Care consumers

To the editor:

A victory can be claimed by Kansas consumers of health care in Gov. Kathleen Sebelius’ veto of the bill that would have exempted many medical providers in our state from being accountable for faulty practice under the state’s Consumer Protection Act. This consumer protection, articulated clearly in a recent Kansas Supreme Court decision, is all many low- and moderate-income consumers of health care have to protect them from substandard health care in our state.

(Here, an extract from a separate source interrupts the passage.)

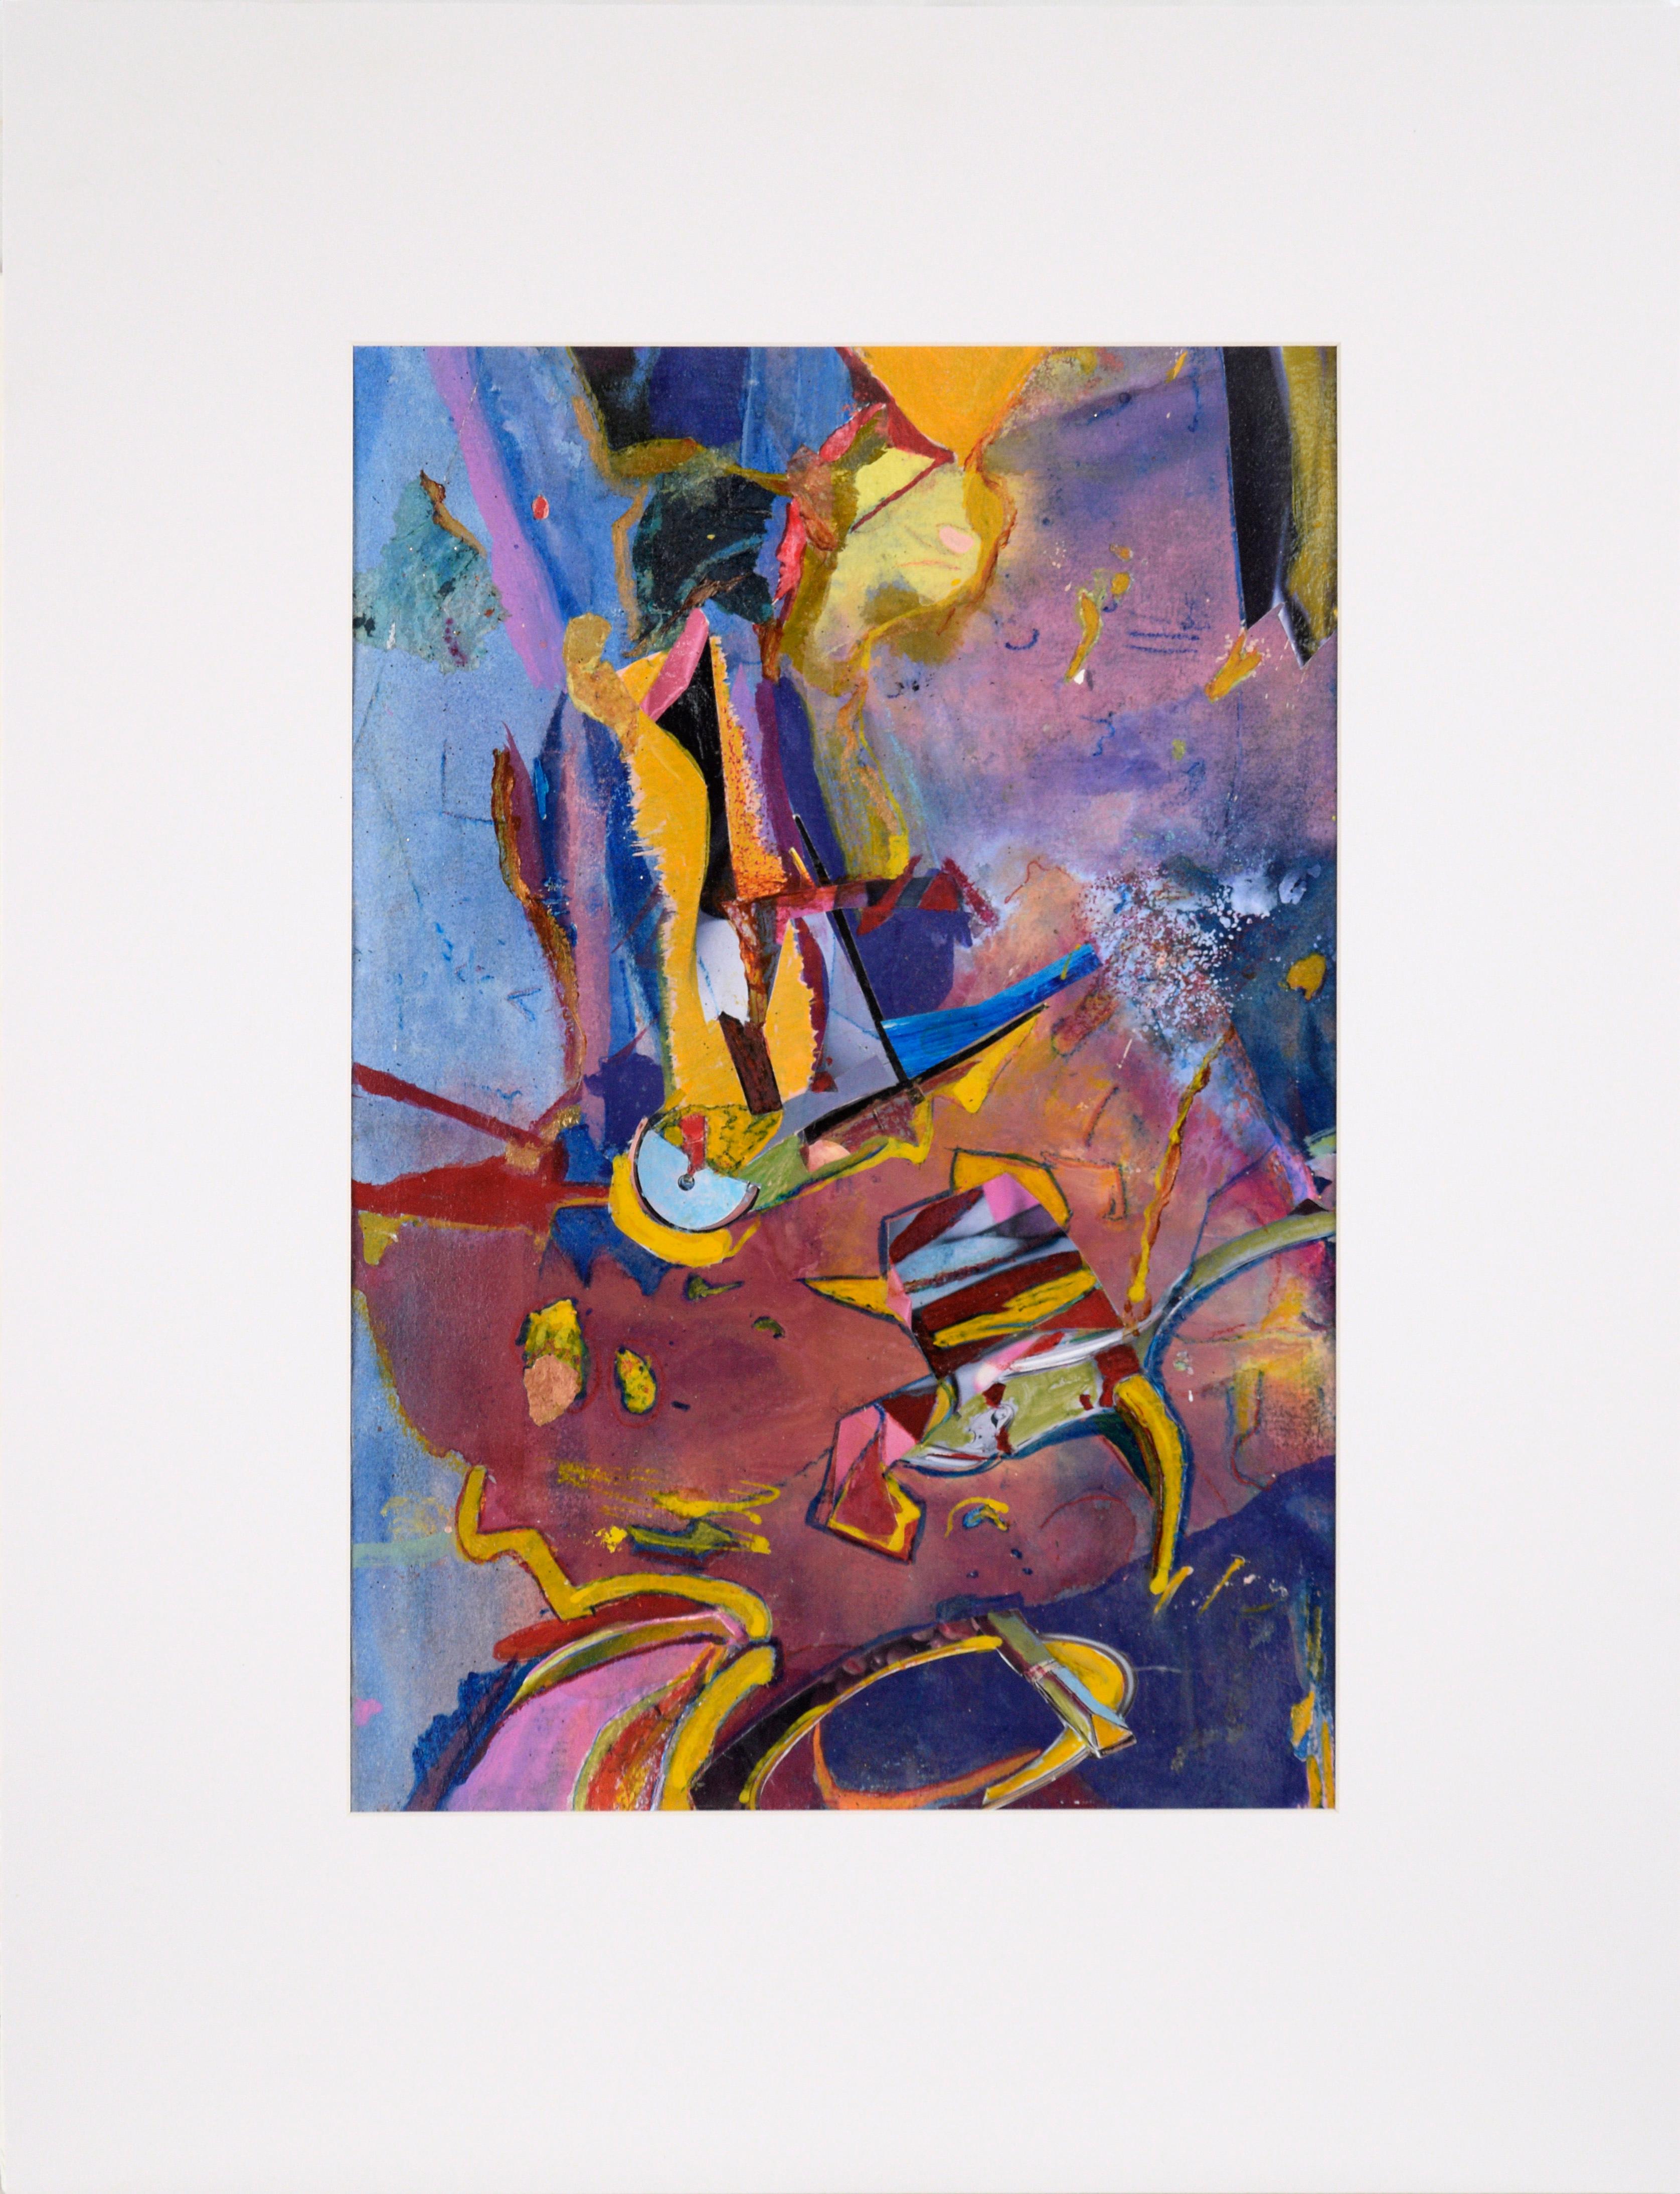 Abstract Painting Jennie Rafton - Tableau de carnaval abstrait en bleu, magenta et jaune, huile et collage sur papier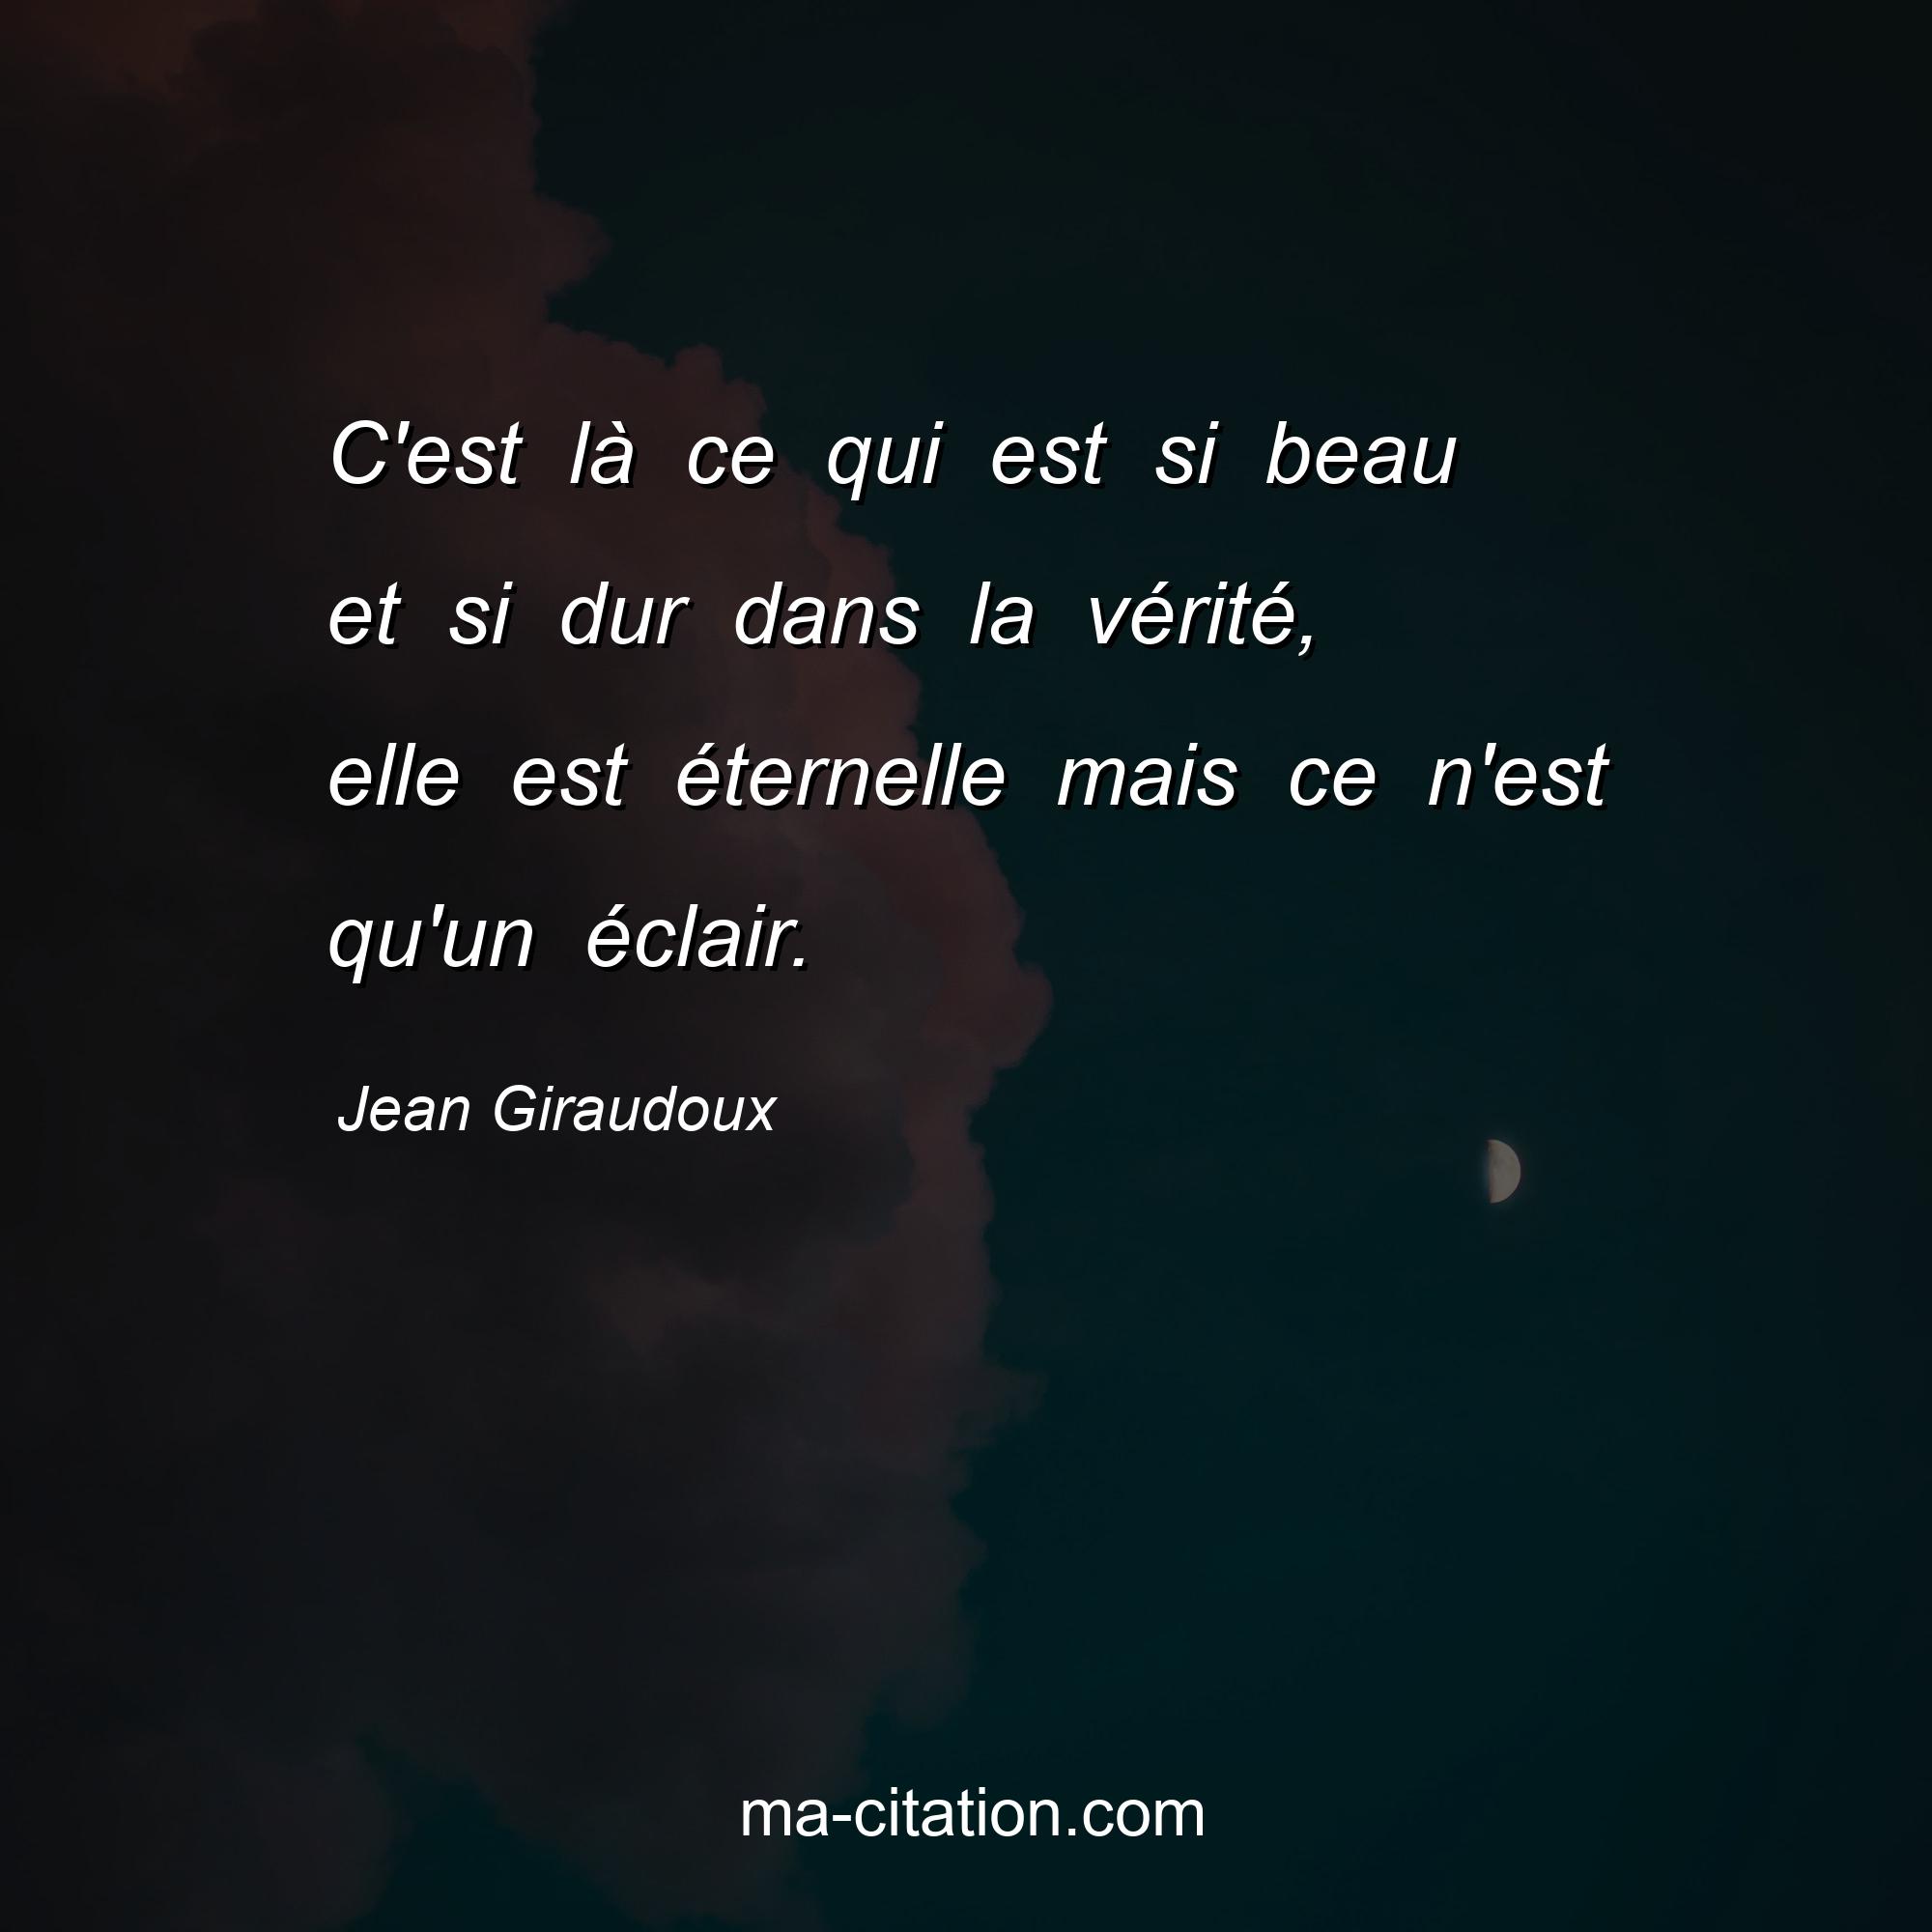 Jean Giraudoux : C'est là ce qui est si beau et si dur dans la vérité, elle est éternelle mais ce n'est qu'un éclair.

The governor was able to understand some basic math on this issue in ways that members of the state’s provider associations couldn’t: Namely, we have an estimated 44,000 deaths in our country each year due to medical error, that most recent data show that medical malpractice accounts for less than 1 percent of all health care costs, that less than 5 percent of physicians account for more than 50 percent of malpractice claims, and that our state Board of Healing Arts, like other comparable organizations around the country, does little to weed out its “bad apples” by lax policing of its own ranks of health care professionals in the state, showing fewer than 60 disciplinary actions for the more than 21,000 licensed providers in 2006.

Additional thanks to AARP, Kansas Advocates for Better Care, the Kansas Health Consumer Coalition and the state Independent Living Council for having the courage to speak out on this issue while keeping the needs of Kansas health consumers uppermost in what they do.